Installation location - near the car axle located at the rear. The system is visible only from the inspection hole, where repair work is usually carried out if the reaction rods are replaced.

FakeHeader

Comments 7

Hello. Two years have passed. I just came across your story. Now I was tightening the upper silent blocks, the rubber bands on the outside stupidly came out from under the washers. And I didn’t make it to 60. I’m sitting here scratching my turnips. True, my graphics are blurry. But the lower ones were also lubricated, they were tightened for 80 minutes and did not come out.

Hello! Thank you for remembering) The range is 60-90 N*m because our rubber products are produced according to specifications. It’s not clear to anyone what specifications a particular manufacturer has. You shouldn’t pinch the rubber bands—that’s a fact. My silent blocks drove for 3000, then I swapped them as is with levers onto a friend’s car, tightened them by eye - and it’s still running.

About modernization of jet thrusts

Sometimes drivers decide to independently increase the reliability of the VAZ 2107 suspension and extend its service life. To this end, they are modernizing jet thrust. Typically, modernization of rods means two operations. Here they are:

  • installation of dual jet rods;
  • installation of reinforced jet thrusts.

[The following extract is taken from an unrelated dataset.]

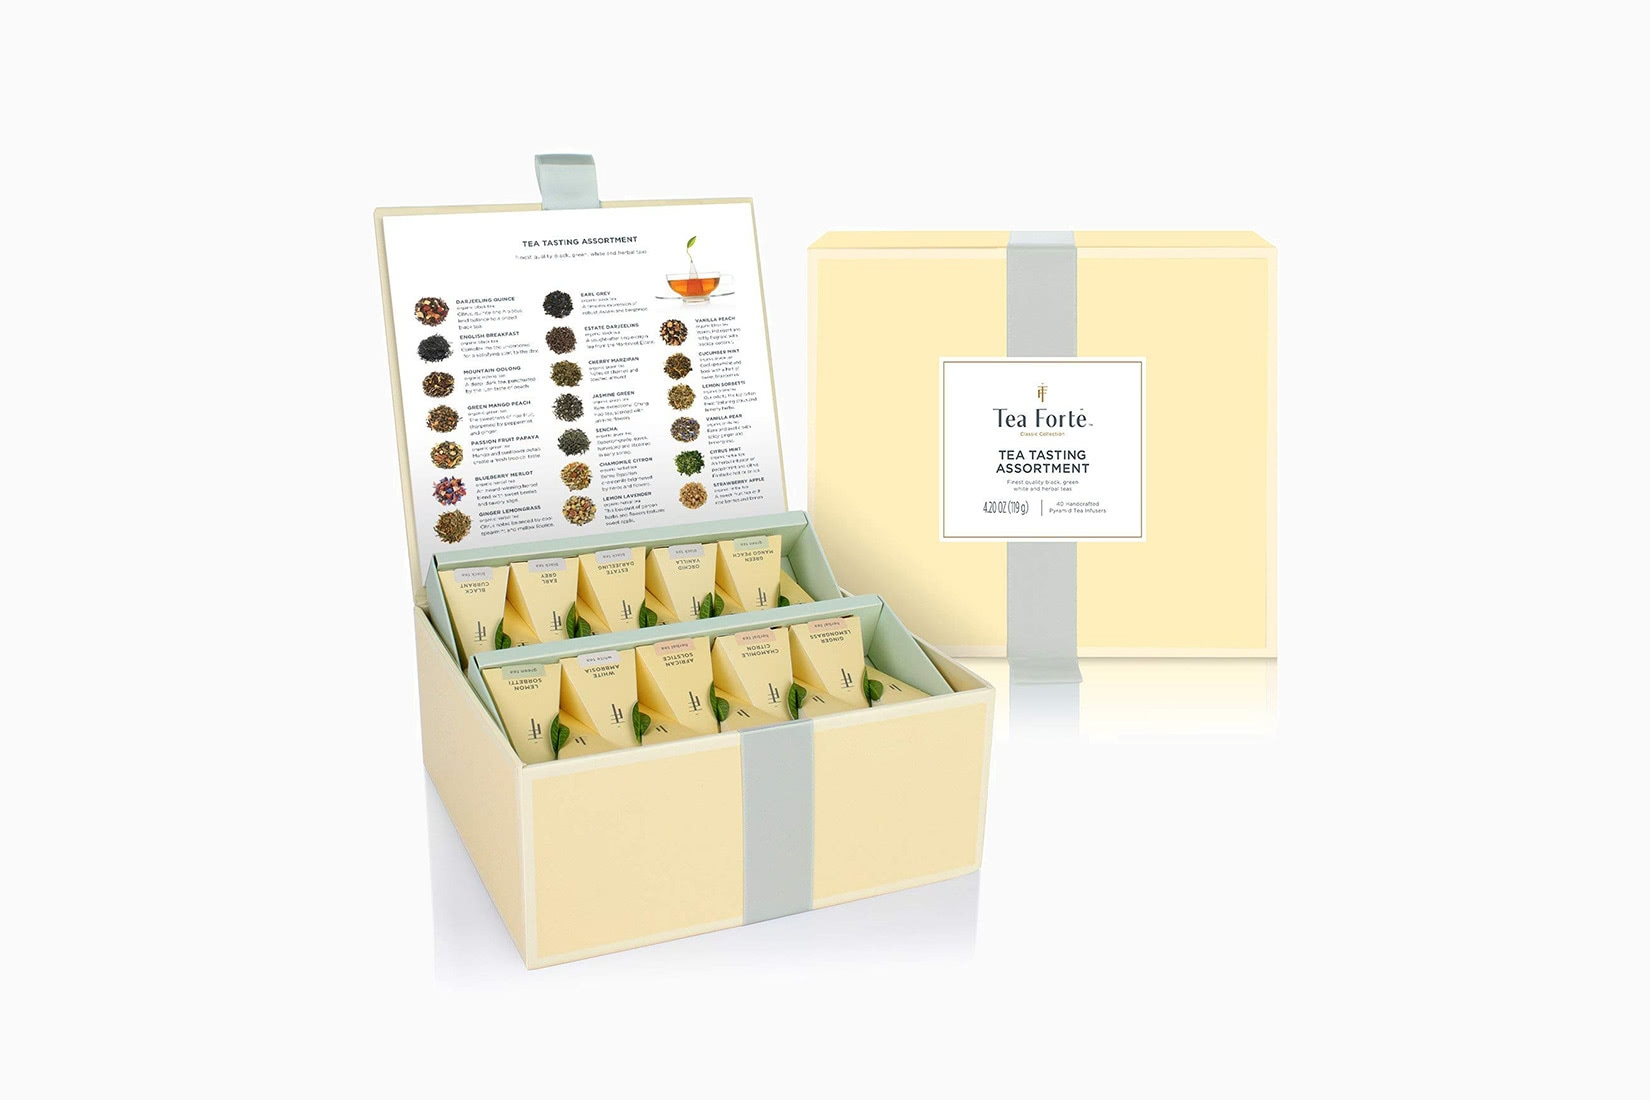 best tea brands forte organic assorted variety sampler - Luxe Digital

Now a little more about each of the above operations.

Twin rods

Most often, drivers install dual rods on the VAZ 2107. The reason is obvious: for this procedure you don't have to do anything with the pulls. You simply purchase not one, but two sets of rods that are installed in a regular place near the rear axle of the “seven”. Plus, you purchase not ordinary, but elongated mounting bolts, on which this entire structure rests.

The obvious advantage of such modernization is the increase in the reliability of the suspension: even if one of the tie rods breaks while driving, the car is unlikely to lose control and the driver will always have a chance to notice the problem in time and stop (a break in the tie rod is almost always accompanied by a strong knock on the bottom of the car, which cannot be heard this is simply impossible). This design also has a drawback: the suspension becomes stiffer. If earlier it “eaten up” small unevenness in the road without any problems, now the driver will feel even small pebbles and holes while driving.

Reinforced traction

If the jet thrust breaks at high speed, the car can be thrown sharply to the side, which can cause people to get hurt. Therefore, reinforced rods are produced. Parts are made from steel with additional alloying substances, resulting in increased wear resistance, and the metal does not corrode.

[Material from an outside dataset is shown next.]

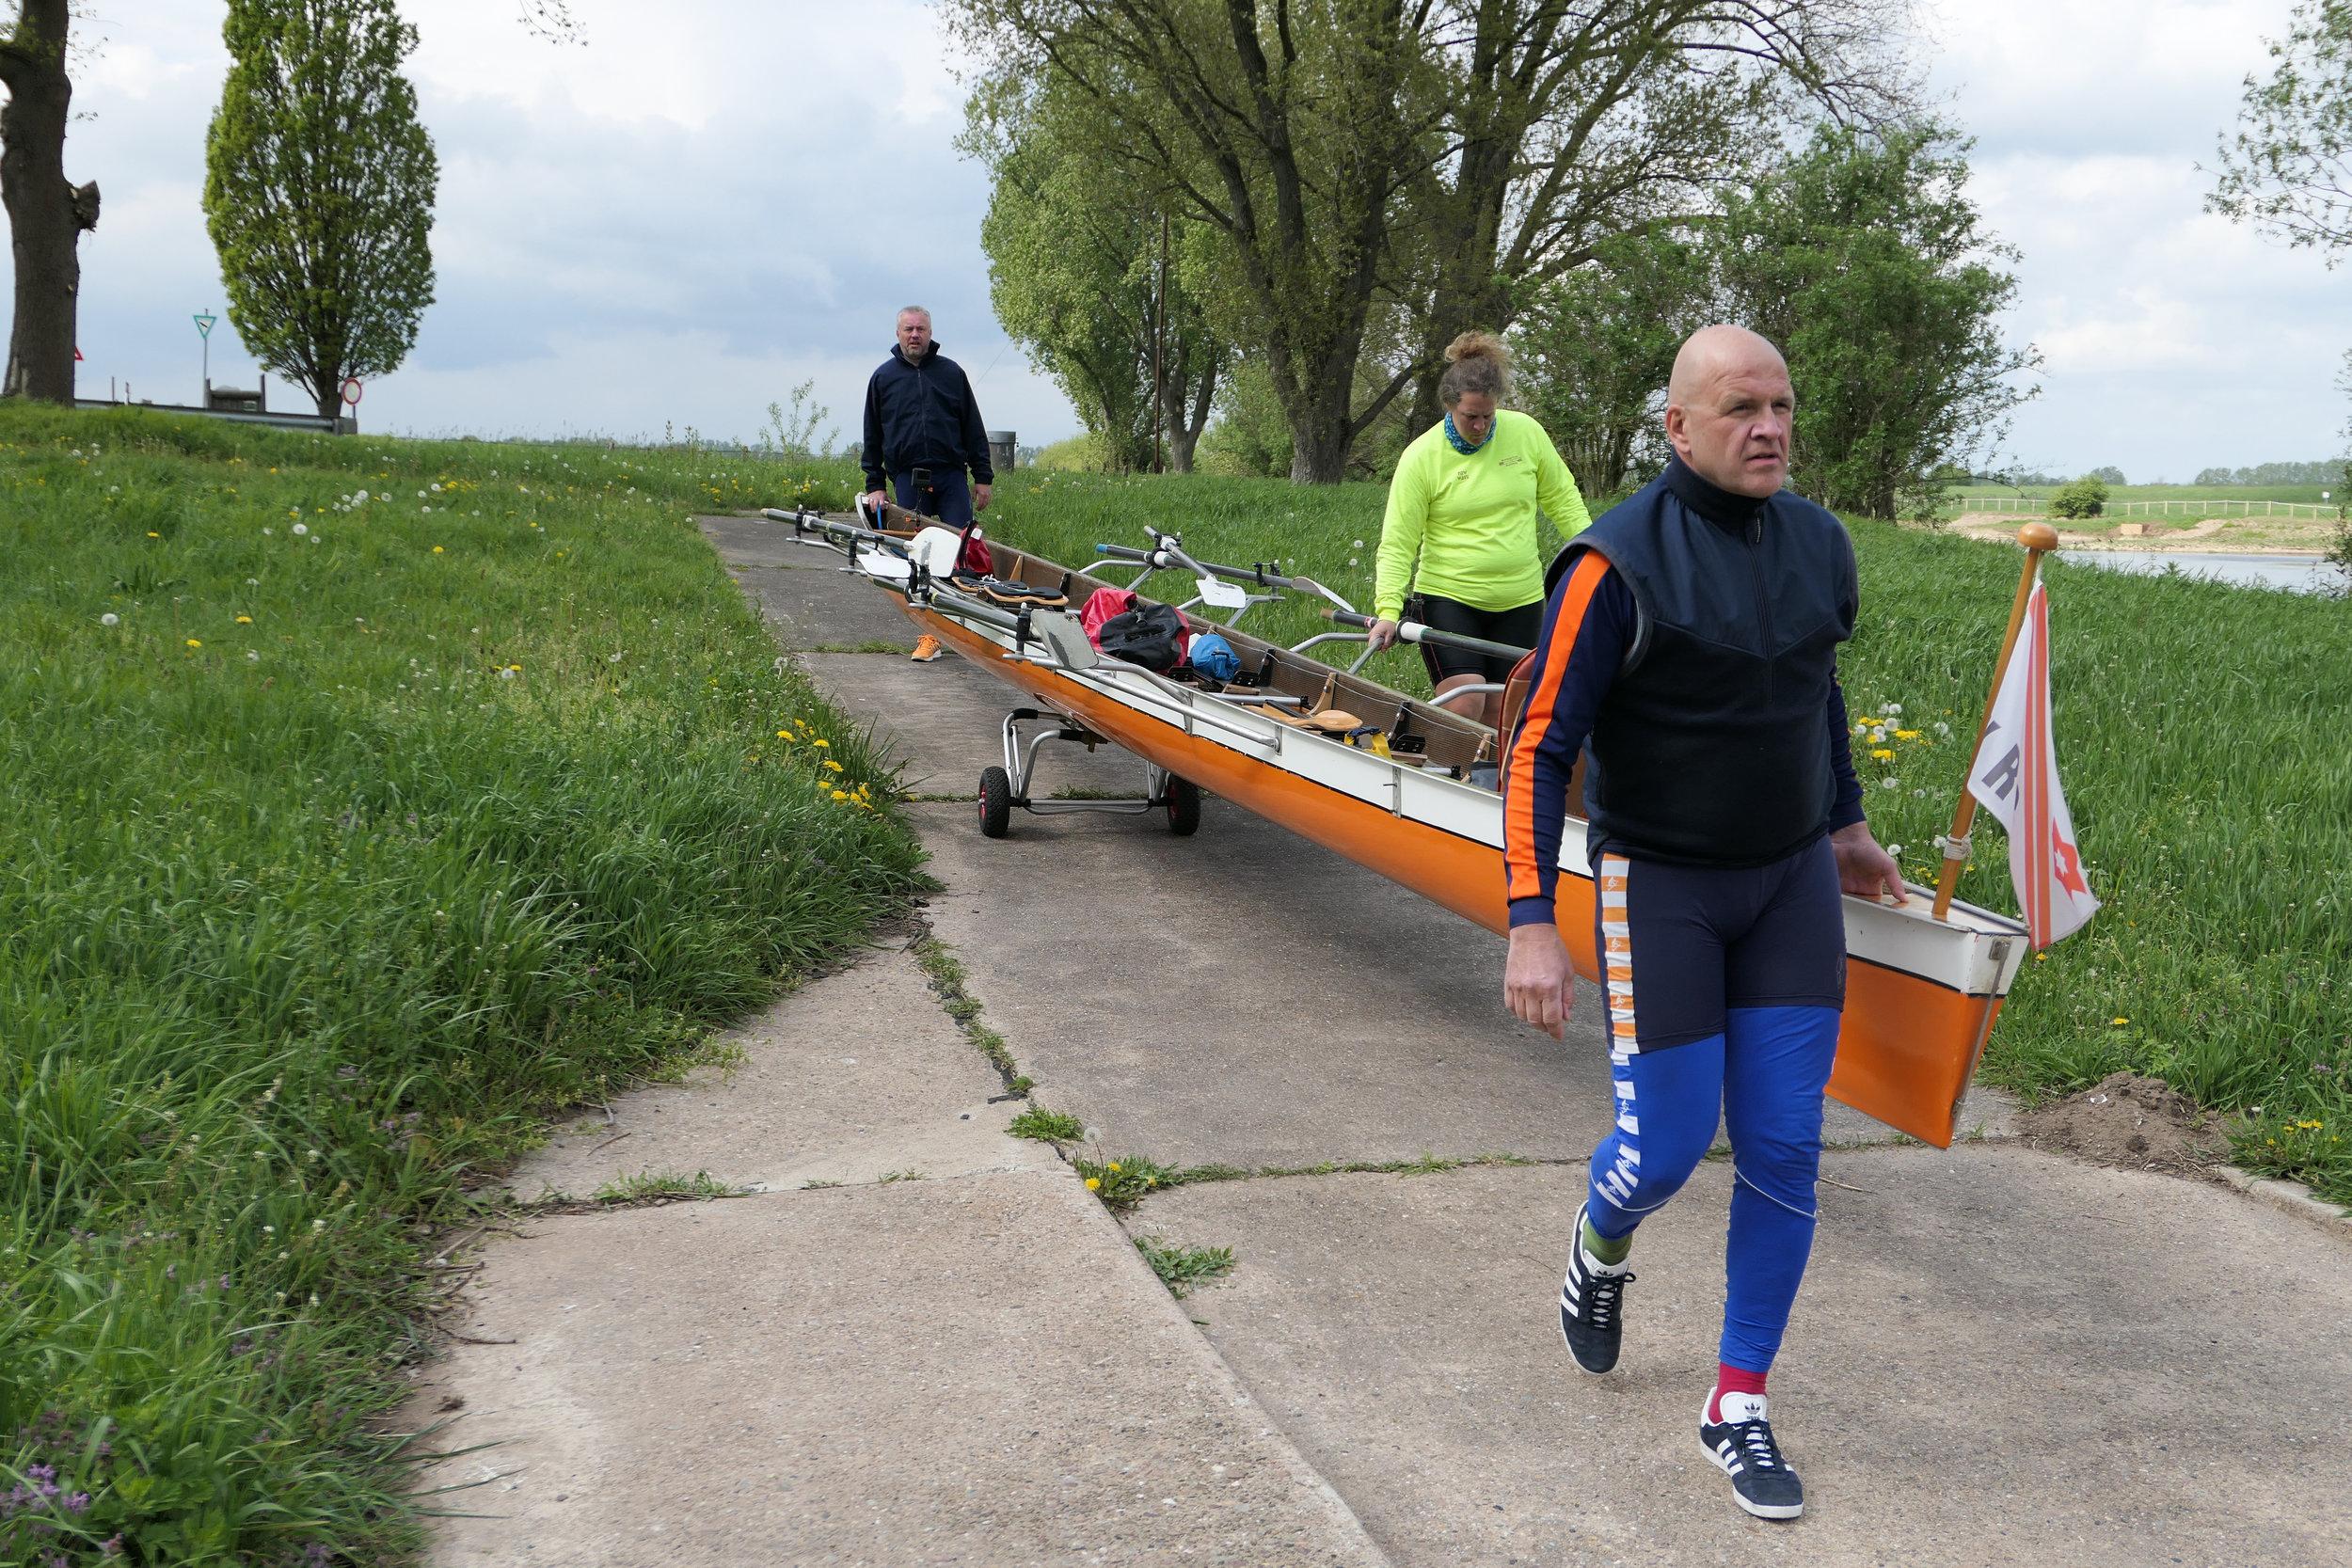 maiwanderfahrt-weser-2019-2_0069_2019-04-28_14-15-36.jpg

The reinforced rods are made in a diamond shape and have good welds connected to the eyes.

They differ from the usual ones in the following characteristics:

  • strong welds;
  • high-quality paintwork;
  • increased resistance to stress, compression and tension;
  • increased weight of the product due to the thickness of the metal.

If the car is operated in urban conditions on asphalt roads, there is no point in installing reinforced elements. They are designed for extreme off-road driving.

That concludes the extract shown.